* [WORK INSTRUCTION] Where a picture appears, leave it out, and transcribe all the lines below exactly.

* [DATASET CONTENT]
========================================
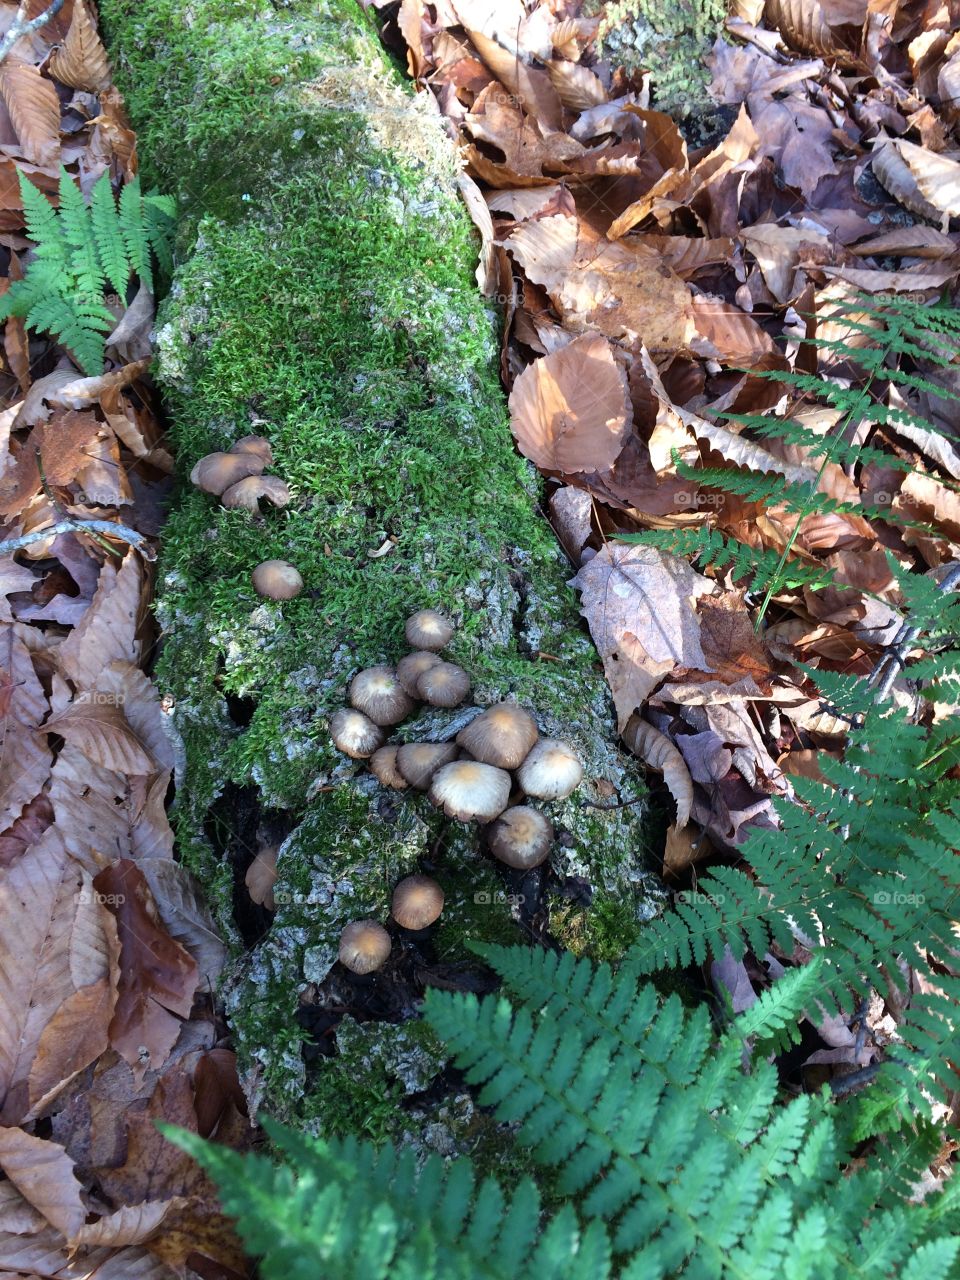 Mushrooms on a dead log on the forest floor
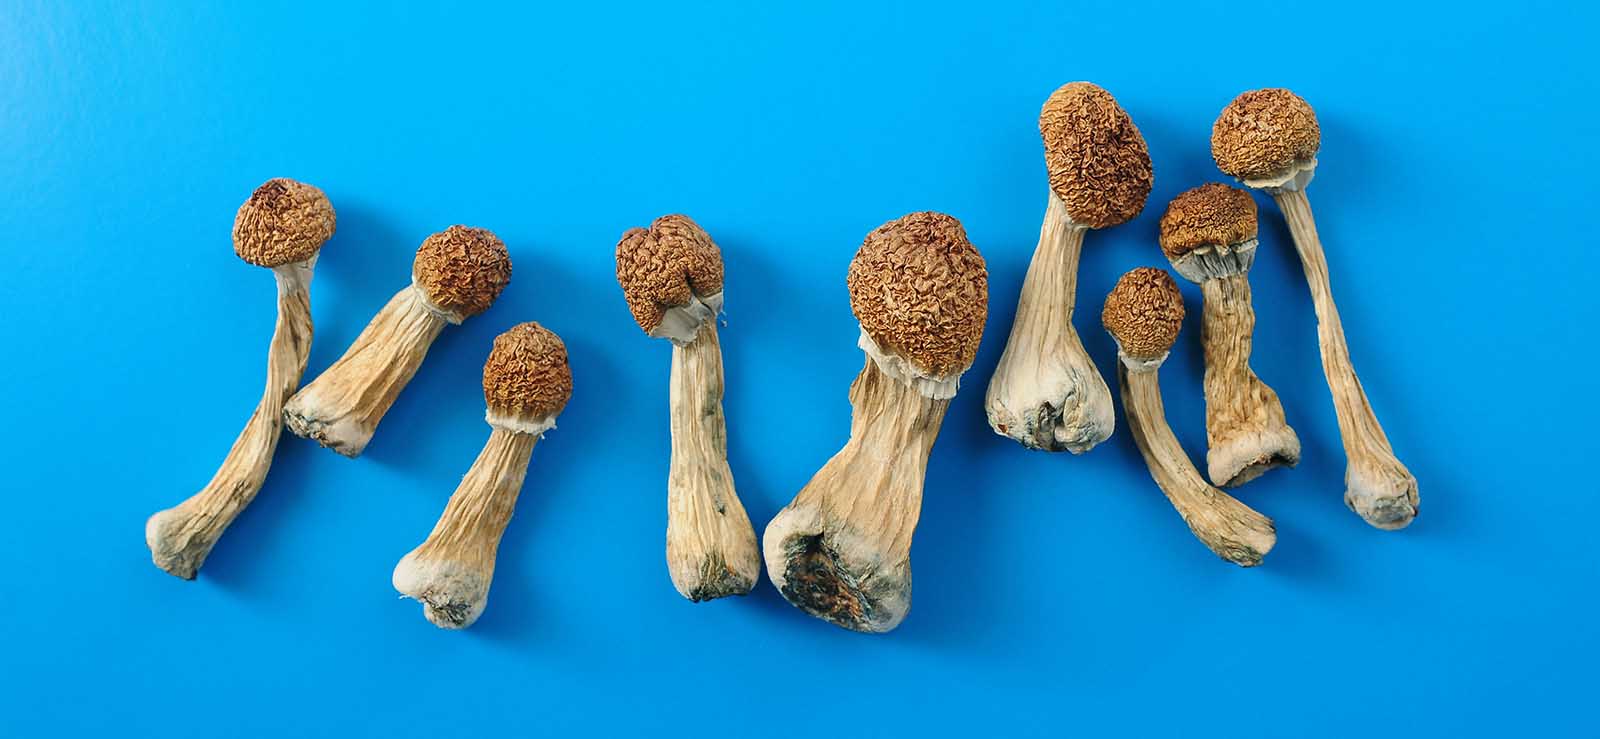 microdosing psychedelic mushrooms
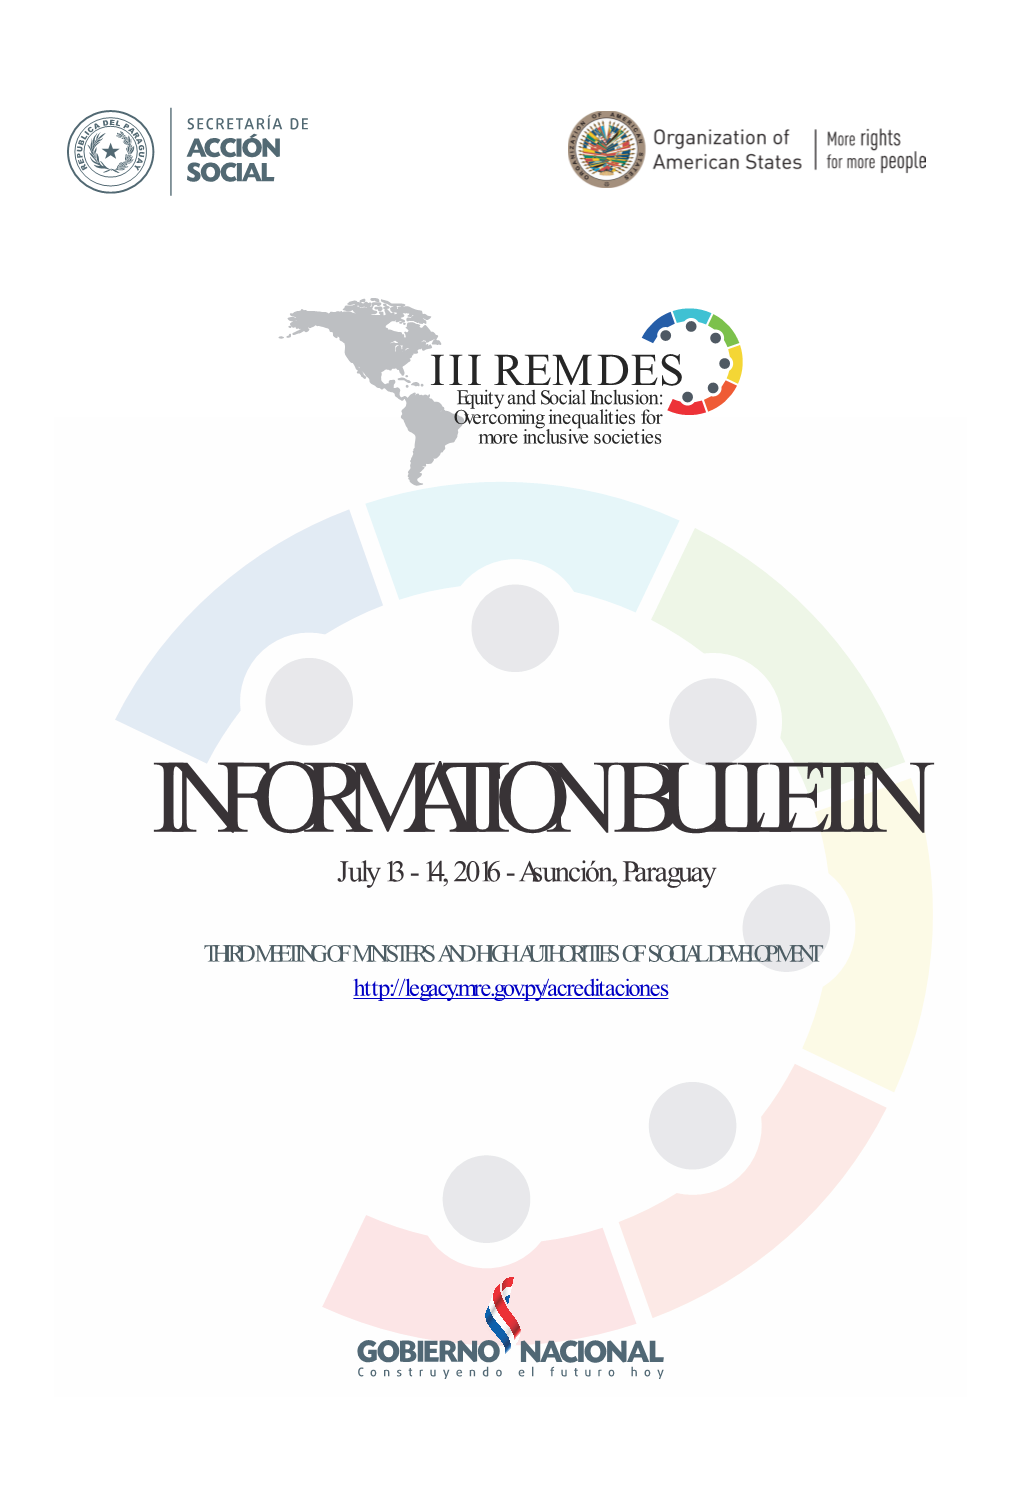 INFORMATION BULLETIN July 13 - 14, 2016 - Asunción, Paraguay
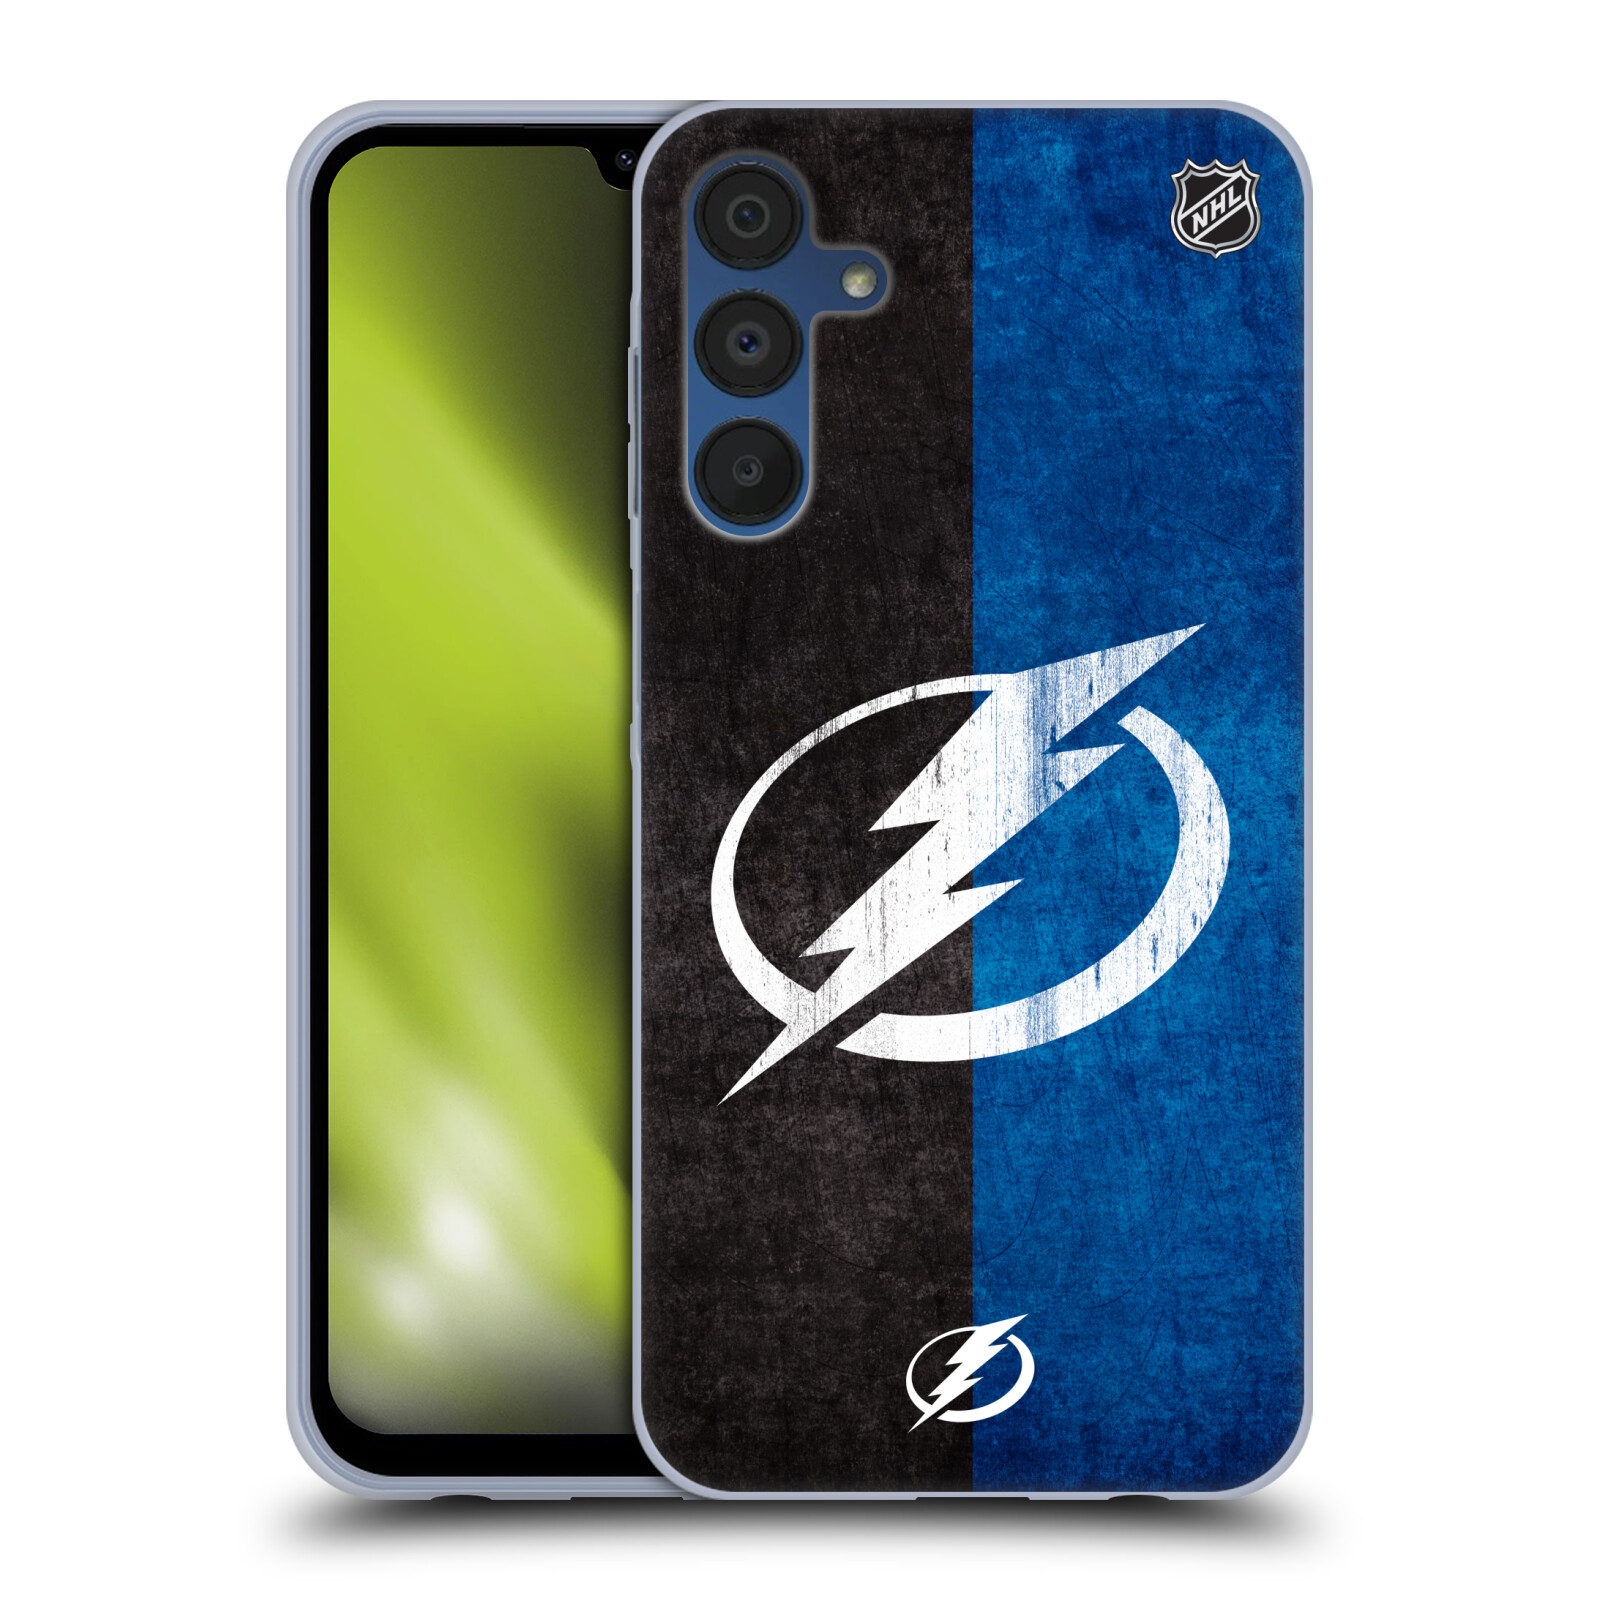 Silikonové pouzdro na mobil Samsung Galaxy A15 / A15 5G - NHL - Půlené logo Tampa Bay Lightning (Silikonový kryt, obal, pouzdro na mobilní telefon Samsung Galaxy A15 / A15 5G s licencovaným motivem NHL - Půlené logo Tampa Bay Lightning)
========================================
* [SOLUTION TO THE EXERCISE]
 Mushrooms on a dead log on the forest floor
 microdosing psychedelic mushrooms
 INFORMATION BULLETIN July 13 - 14, 2016 - Asunción, Paraguay
 Silikonové pouzdro na mobil Samsung Galaxy A15 / A15 5G - NHL - Půlené logo Tampa Bay Lightning (Silikonový kryt, obal, pouzdro na mobilní telefon Samsung Galaxy A15 / A15 5G s licencovaným motivem NHL - Půlené logo Tampa Bay Lightning)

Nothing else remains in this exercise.